Not that Paterno, an is-he-or-isn't-he forum favorite, needs any more controversy, but he's got another one on his hands, like it or not. Another big, fat QB contra that will swirl around McGloin and redshirt freshman Paul Jones, a Steve McNair-sized athlete with a huge arm. Bolden reportedly told quarterbacks coach Jay Paterno after the game that he will transfer. Newsome did not travel to the Outback Bowl and it is assumed he will transfer. Paterno declined to discuss the possibility, just as he turned another deaf ear - pun intended - to questions about rumors of his retirement.

JoePa has always been a glass half-full guy when it comes to critiquing his players. Saturday, through semantic magic, that half-full glass overflowed.

The comic highlight of his postgame press conference came when a writer said, "Joe, McGloin did throw five interceptions and you said he played good . . . "

Paterno cut him off.

"I didn't say that at all," he said. "I said I didn't blame him. Hey, you ought to check your hearing."

The liveliest exchange of his presser was not included on the transcript.

Since the hearing of the 84-year-old coach has been part of the Joe Must Go/Joe Must Stay debate, his rebuke drew a salvo of guffaws.

But a 7-6 record by a Penn State team that was pounded by Big Ten rivals Ohio State, Iowa and Michigan State is not a laughing matter in Happy Valley.

It is now recruiting season. Joe no longer makes house calls. For decades, his presence in the kitchens of the football hotbeds of Pennsylvania, Ohio, New Jersey and Maryland, complimenting mom's pasta and preaching the value of a Penn State degree, was a tremendous edge. Now the institutions he once out recruited are playing the age card as trump.

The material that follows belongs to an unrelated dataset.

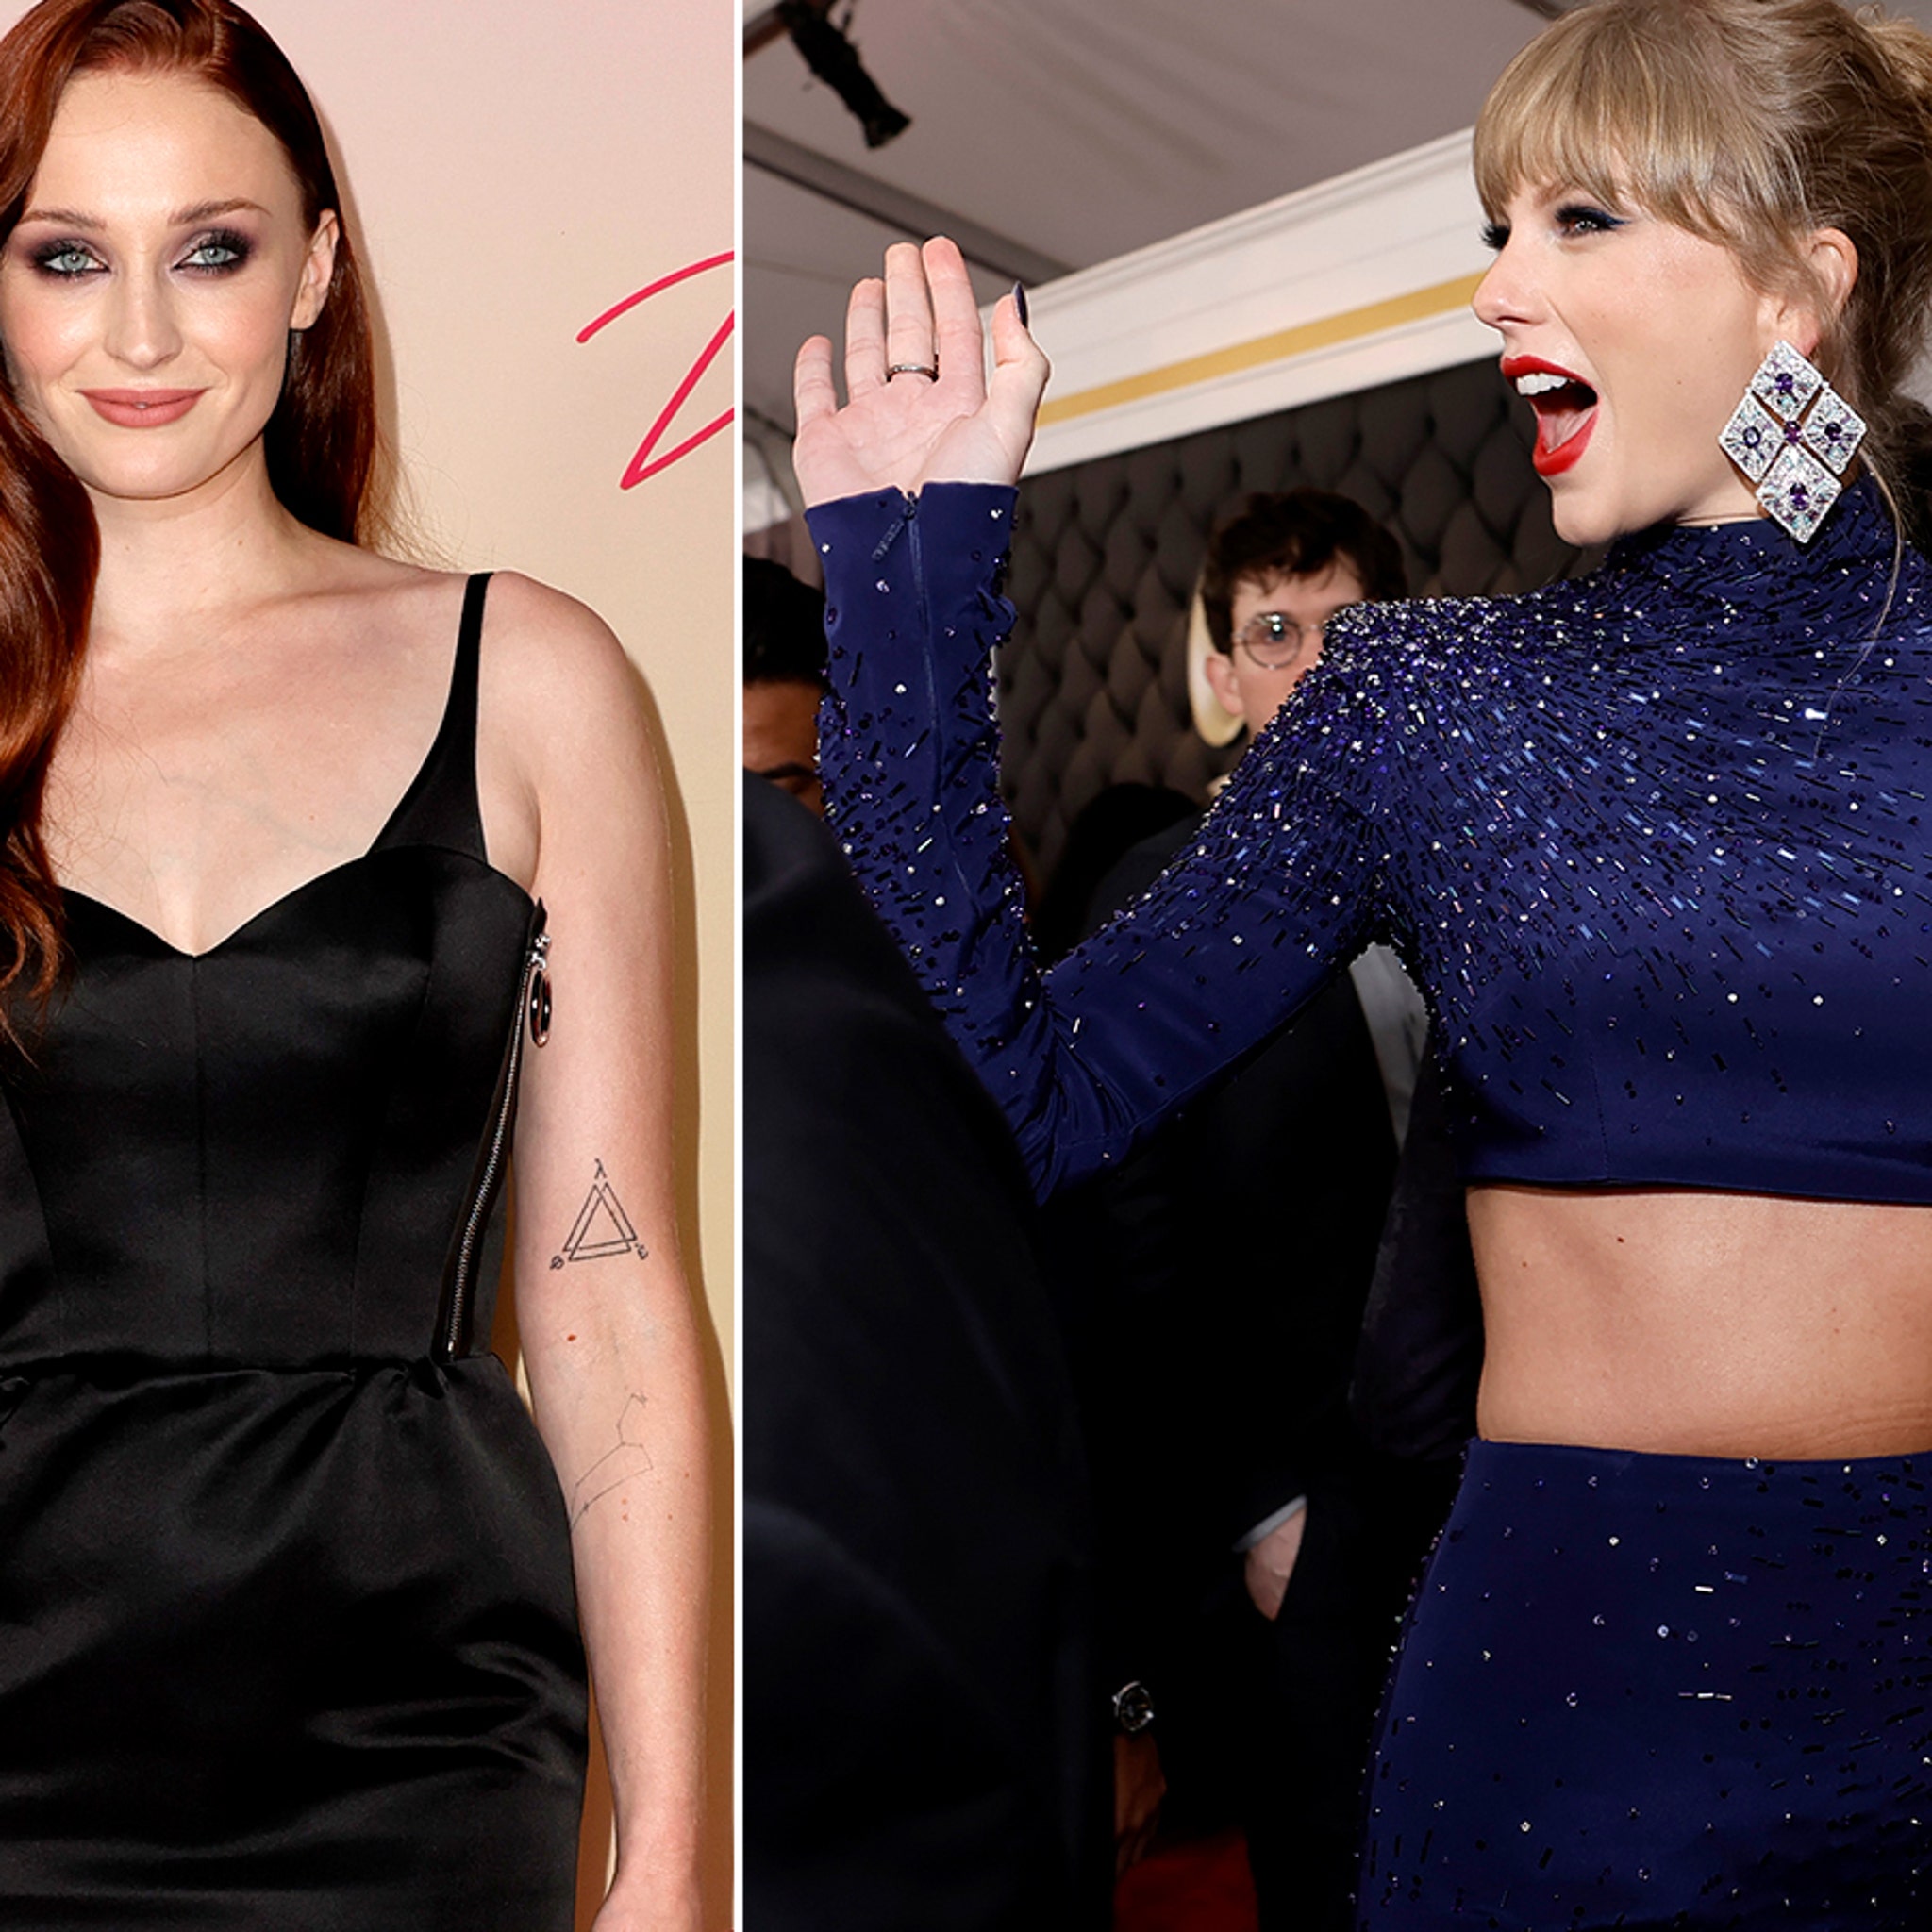 Sophie Turner Living in Taylor Swift's NYC Apartment During Joe Jonas Legal  Battle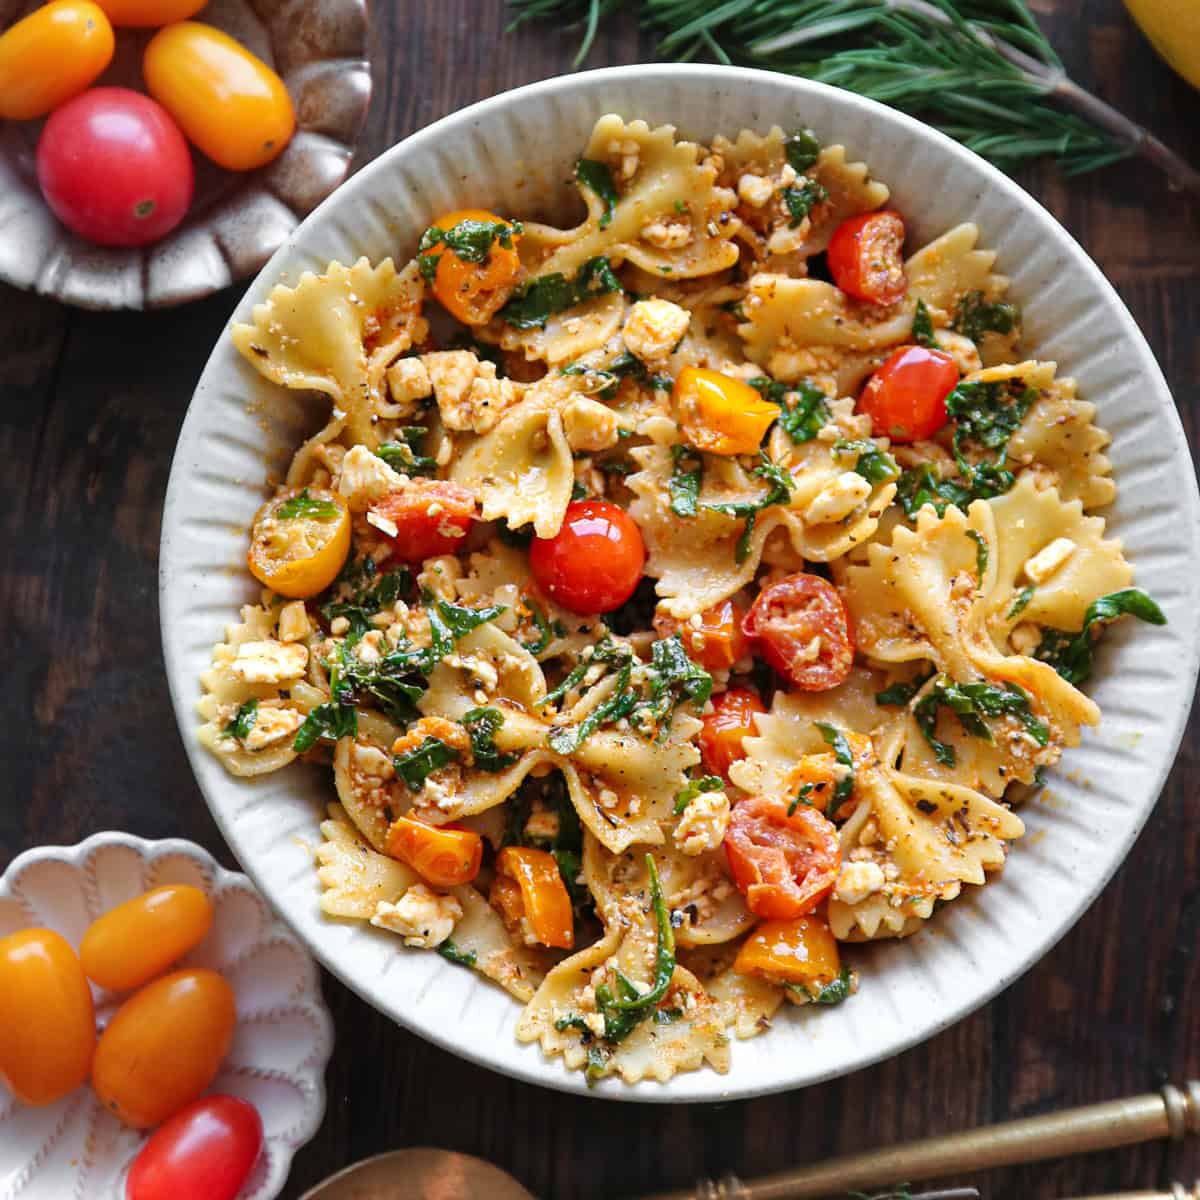 Pasta with Feta Cheese, Cherry Tomatoes, Spinach - in a white bowl.

He is mostly revered, but at the same time, the success of his program, the guarantee of an annual trip to a bowl, often a major one, made him more and more vulnerable to the mantra of one of his Brooklyn pals, Al Davis:

"Just win, baby."

That's what it will come down to in 2011 for Joe Paterno, for Matt McGloin and for the Father Time-warped keepers of the Nittany Lion flame.